One better decision he made Saturday following his takedown of Cormier – himself one of the greatest of all time whose only losses are to Jones – was in calling out Brock Lesnar.
He beamed when he was told that White said Saturday’s card was tracking to sell more than one million on pay-per-view, because he knows a Lesnar fight would do far more even than that.
Jones called out Lesnar, the ex-UFC heavyweight champion who is now starring in the WWE, in the cage after the fight and then explained his decision in detail at the post-fight news conference.
He does not, he said, want to campaign as a heavyweight and ruled out a match with the UFC’s champion, Stipe Miocic.
“I strike for a reason when I strike,” Jones said. “I feel Stipe is relatively unknown to the general public, so it wouldn’t even be a real super fight. It’s a fight the MMA fans would be excited for, but the general public wouldn’t care about that fight. Most people don’t know who he is. … Stylistically, Brock would be the fight that makes more sense and the payday would be tremendous.”
Lesnar filed retirement papers on Jan. 3, and still has time on a suspension for a drug test failure left to serve. The earliest he could return, if he notified the UFC and USADA on Monday that he is unretiring, would be in February.
But a fight between Jones and Lesnar would be massive and, as Jones correctly noted, would attract the attention of the mainstream fan. It would seem a slam dunk to do at least two million on pay-per-view.
Lesnar responded positively to Jones’ call-out, telling the Associated Press’ Greg Beacham, “Be careful what you wish for, young man.”
Both men are 6-foot-4, but Lesnar is a hulk of a man who has to cut weight to make the heavyweight limit of 265 pounds.

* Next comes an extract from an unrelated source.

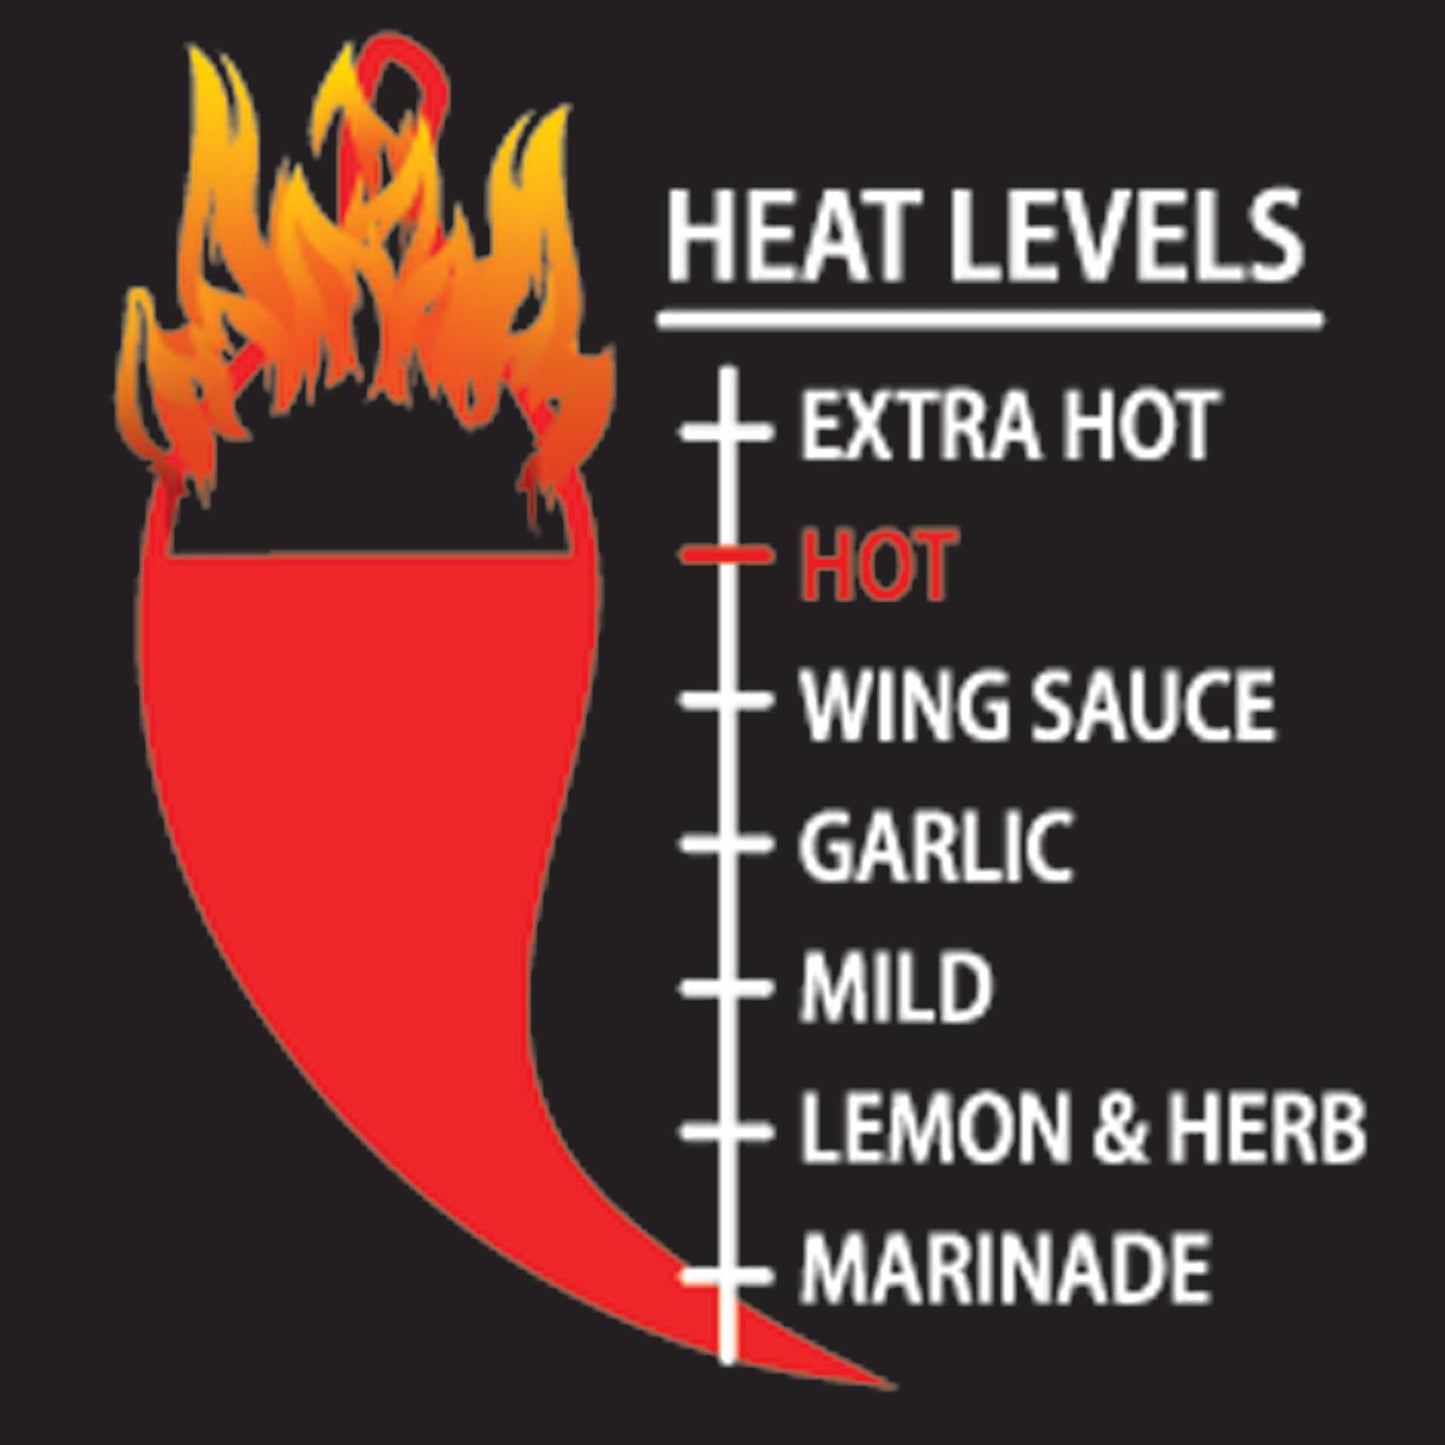 Hot Peri Peri Sauce Heat Meter - 6 out of 7

Jones, though, believes he could win it.
“He has a pretty limited game, it’s a pretty winnable fight and there is so much reward that is involved,” Jones said.

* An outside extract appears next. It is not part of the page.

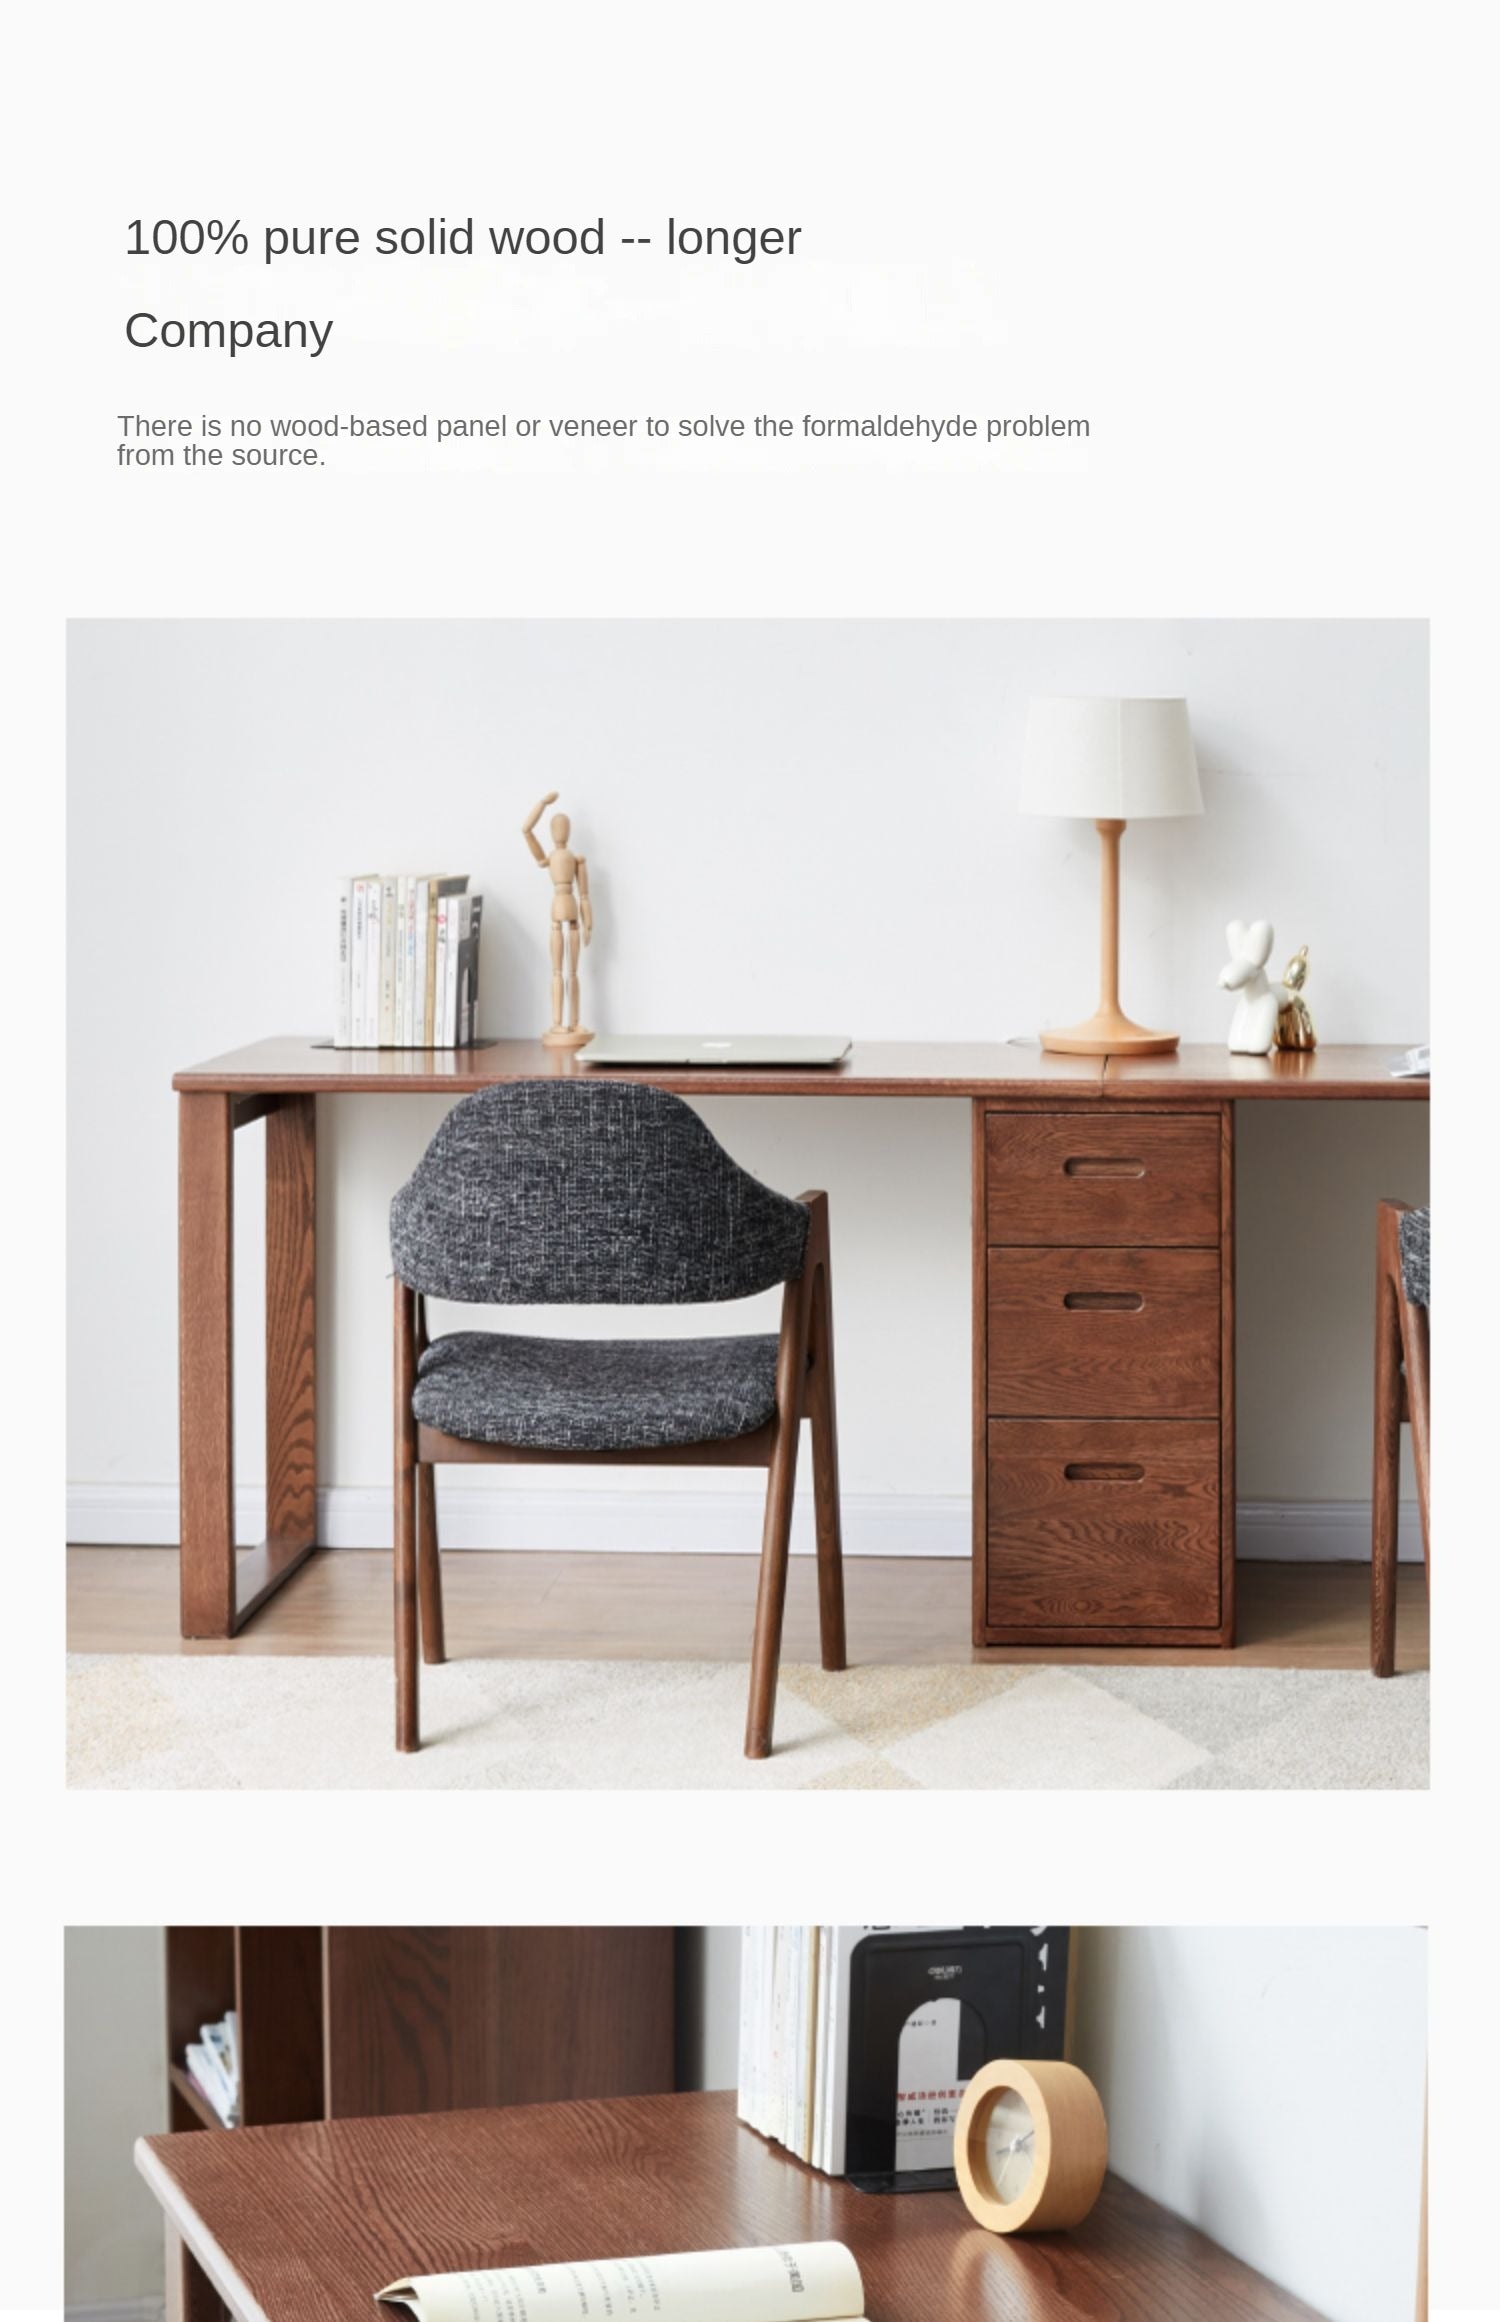 Oak Solid Wood Walnut color office Desk,"Together" combination desk-

Everything that he seemed he would become in 2011 when he routed Mauricio “Shogun” Rua at age 23 to become the youngest man ever to hold a UFC belt, he seems to be developing into now.
He’s proven that he doesn’t deserve a long rope, but he seems to get that after enough screw-ups to fill five careers, and now he can take advantage of his enormous talent and personal charisma to fill his bank account with money and set his family up for generations.

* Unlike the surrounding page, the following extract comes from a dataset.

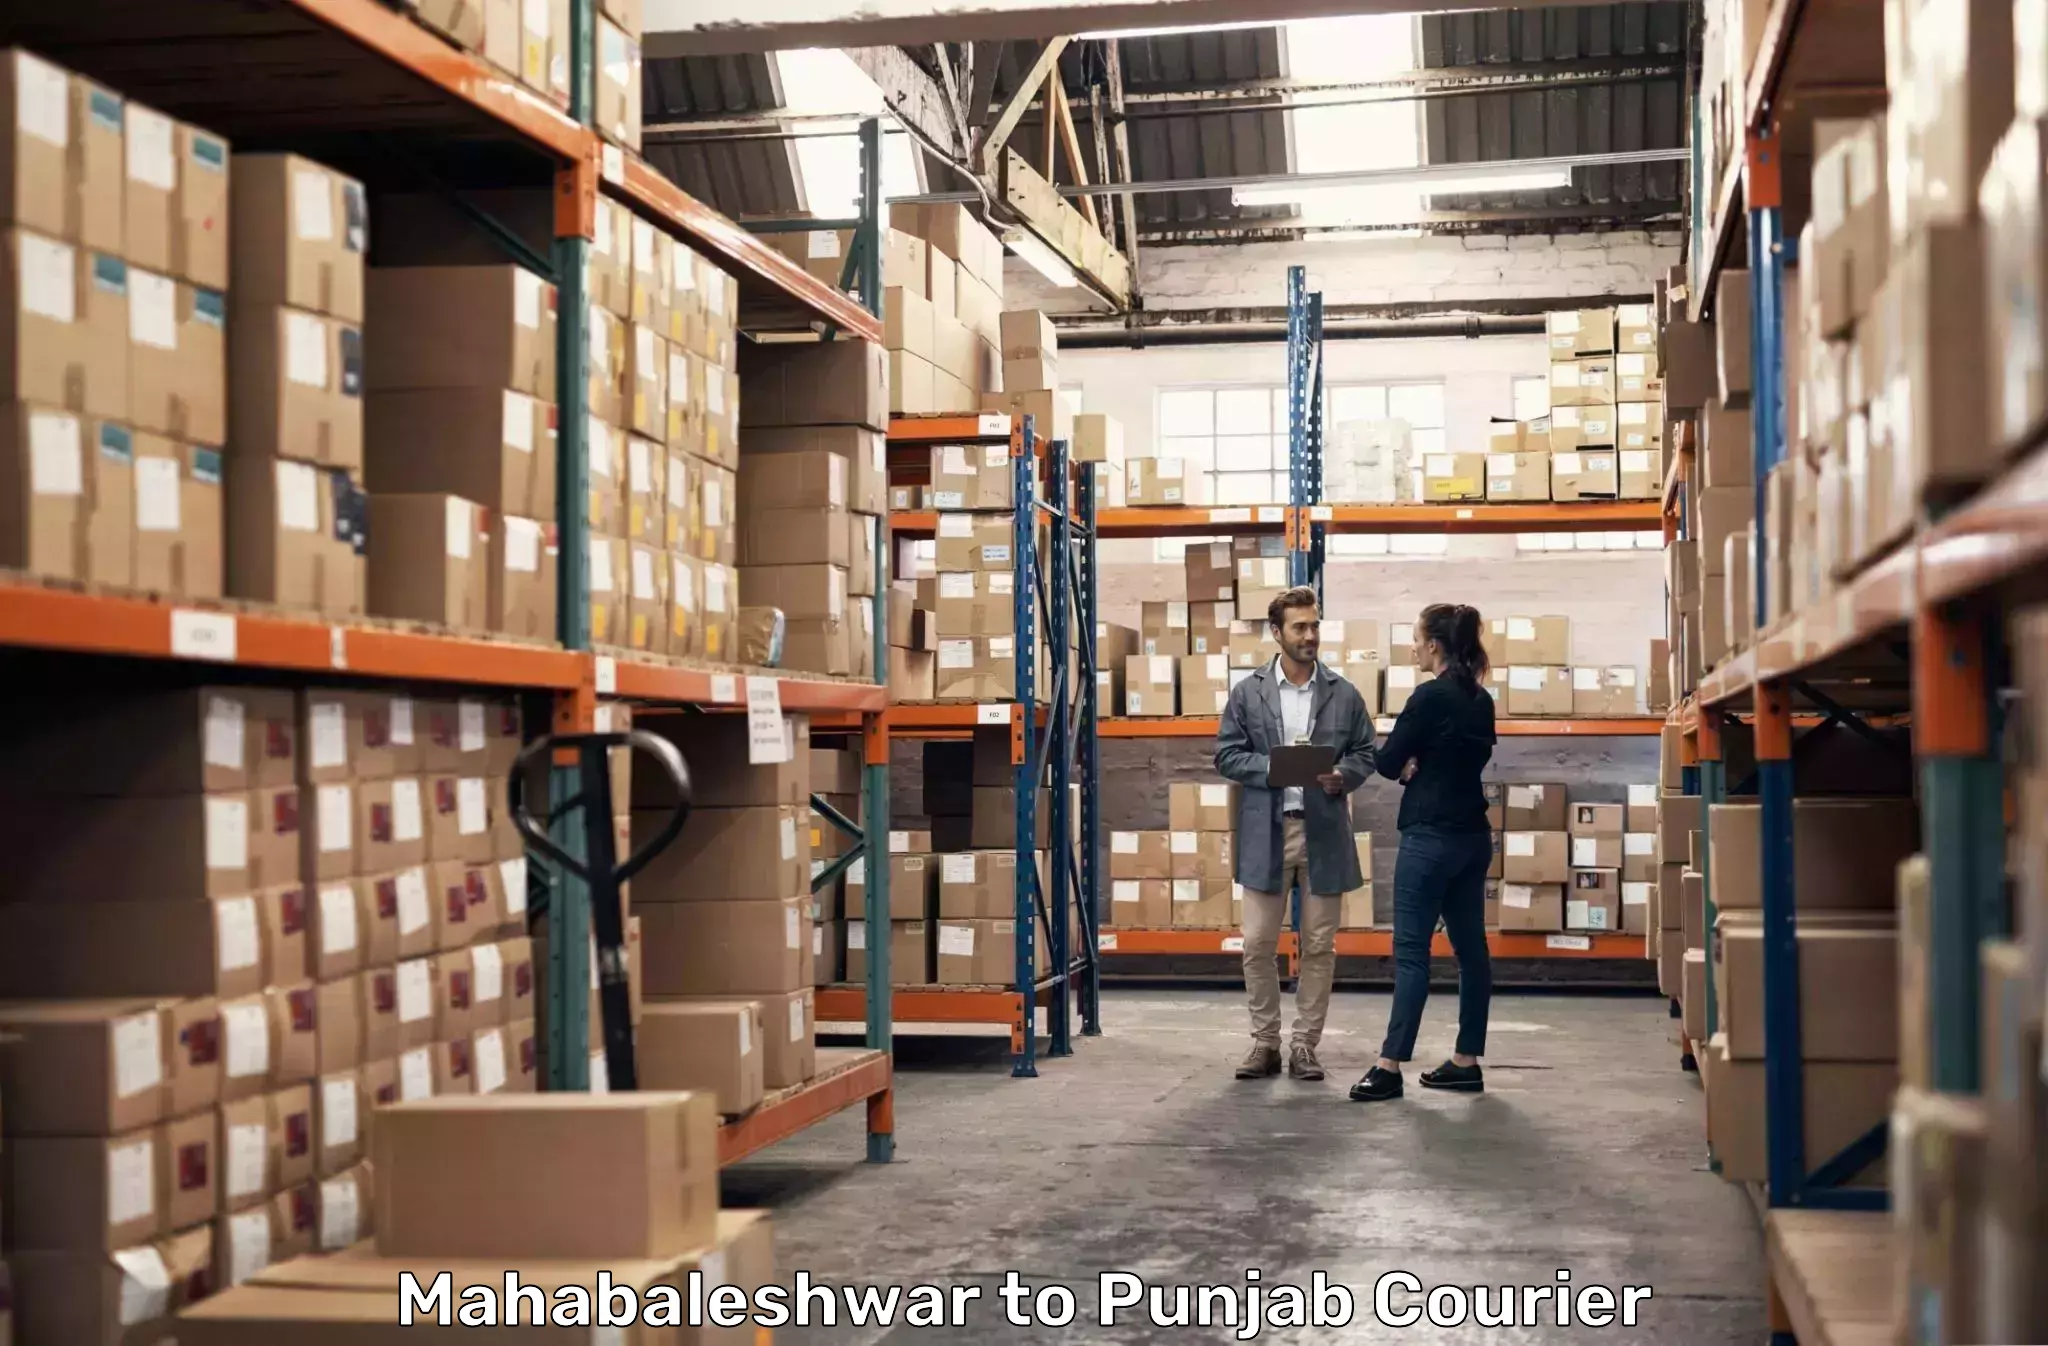 Cross-border shipping Mahabaleshwar to Fatehgarh Sahib

UFC president Dana White, who said he hadn’t spoken to Jones for a year until the two spoke this week, was blown away by Jones’ performance.
“I truly believe Jon Jones is the best to ever do it,” White said. “I think he’s the best ever and had he not had these things go wrong in his personal life, God knows who he would have beaten and what he would have done by now. Without a doubt, [he’s] the best.
“To come off such a huge layoff, all kinds of issues and problems, and to do what he did tonight, man, this guy is the best to ever do it.”
He repeatedly put that at risk – he failed a drug test a month before his first fight with Cormier, having tested positive for cocaine – and still performed at an elite level.
He was effusive in his praise of Cormier, whom he once brawled with in the lobby of the MGM Grand in Las Vegas, and did everything he could to charm the 100 or so reporters who were hanging on his every word.
“It’s surreal to be here back in front of you all,” Jones said. “I’m more grateful than ever. At one point in my career, I dreaded doing some things like this. Now, after not having it, and realizing how easily it could all be gone, and not having this [his title belt], I’m more grateful for every ounce of this process.”
It was as if he shifted the clock back to 2011, when he’d run down a burglar earlier in the day and then had gone out and destroyed one of the UFC’s all-time greats later.
If he does a replay and skips the DUIs and the car crashes and the failed drug tests and just fights to the best of his ability, he’ll set a standard that may never be reached.
Twenty, 50, 75 years from now, if he stays on the straight and narrow, they’ll still be talking about him.
He’s that good, and always has been.